She wasn’t ready. She wasn’t in control. Had she ever been, even once, since he had first set foot on her schoolhouse porch?
Mariah flew. She dropped a pile of books she had just gathered off the floor where someone had left them. They thumped and scattered all over again, pages fanning, and she ran to the door, wrenching it open even as Adam raised his hand to knock.
“What do you think you’re doing?” she cried.
Her vehemence startled Adam. Here, once again, was the fire he had noticed before, in that singular moment when she had discussed her one sin. He stepped back.
“I need to talk to you.”
“Not now, for heaven’s sake!”
“Why not? You said to come earlier.”
“Don’t you think you’re overdoing it a little bit? I meant after school!”
“I can’t wait that long, Mariah.” His voice held a warning now. It was tense, and something hot flowed right beneath his words. Her heart exploded, because she knew it was a miracle that he had even waited overnight.
“You must,” she managed.
Adam stared at her. He wondered again who she thought she was, that she should just ordain that he be patient and that he would blindly and meekly obey her. He was even more sure this morning, after sleeping on it, that she knew where Bo was. Or at least she knew something.
“What the holy hell am I supposed to do with myself until this afternoon?” he demanded.
“Hell is not holy!” Mariah stepped quickly out onto the porch and closed the door behind her, trying to get a grip on herself. “You might take a peek inside yourself,” she answered finally.
“Huh?”
She closed her eyes a moment and took a breath. When she was steadier, she started over.
“You never gave me your name,” she began. That was the first thing that had to be cleared up here and now, she decided. She was trying to hold too many reins at once. So many times she had almost slipped and called him by name, and that would be disastrous. She had to tell him the truth gently, carefully.

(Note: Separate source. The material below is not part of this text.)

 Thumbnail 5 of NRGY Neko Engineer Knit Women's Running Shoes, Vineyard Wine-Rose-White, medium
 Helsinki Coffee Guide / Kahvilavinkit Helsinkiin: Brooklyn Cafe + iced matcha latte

His eyes narrowed. “Adam Wallace.”
“May I call you Adam?”
“I don’t give a damn what you call me, as long as you start talking.”
“I can’t do that right now.”
“Why not?”
“Because there are thirty-six children inside, waiting for me to teach them something. And if you think that’s an easy task, instructing eight different groups all at the same time, all something different, think again.”
Adam felt that bemused feeling coming on again.
She had done this to him yesterday, too. He had come here with a purpose, and somewhere along the line those violet eyes had searched his face, she’d gone off on a tangent and he’d ended up forgetting for a while what he had come for and why. She wouldn’t do it again.
“Damn it—”
“Stop swearing at me, Adam! Stop it now! If not out of respect for me, then do it because it’s in your own best interest. I can’t think when you act angry.” She pressed her fingers to her temples. “And if I can’t think, I can’t help you.”
Guilt and panic rolled over in his gut. “Okay, okay. All right,” he said hoarsely. “Calm down.”
“I’m trying to.” She choked back a wild laugh. She was about as calm as a windstorm at the moment.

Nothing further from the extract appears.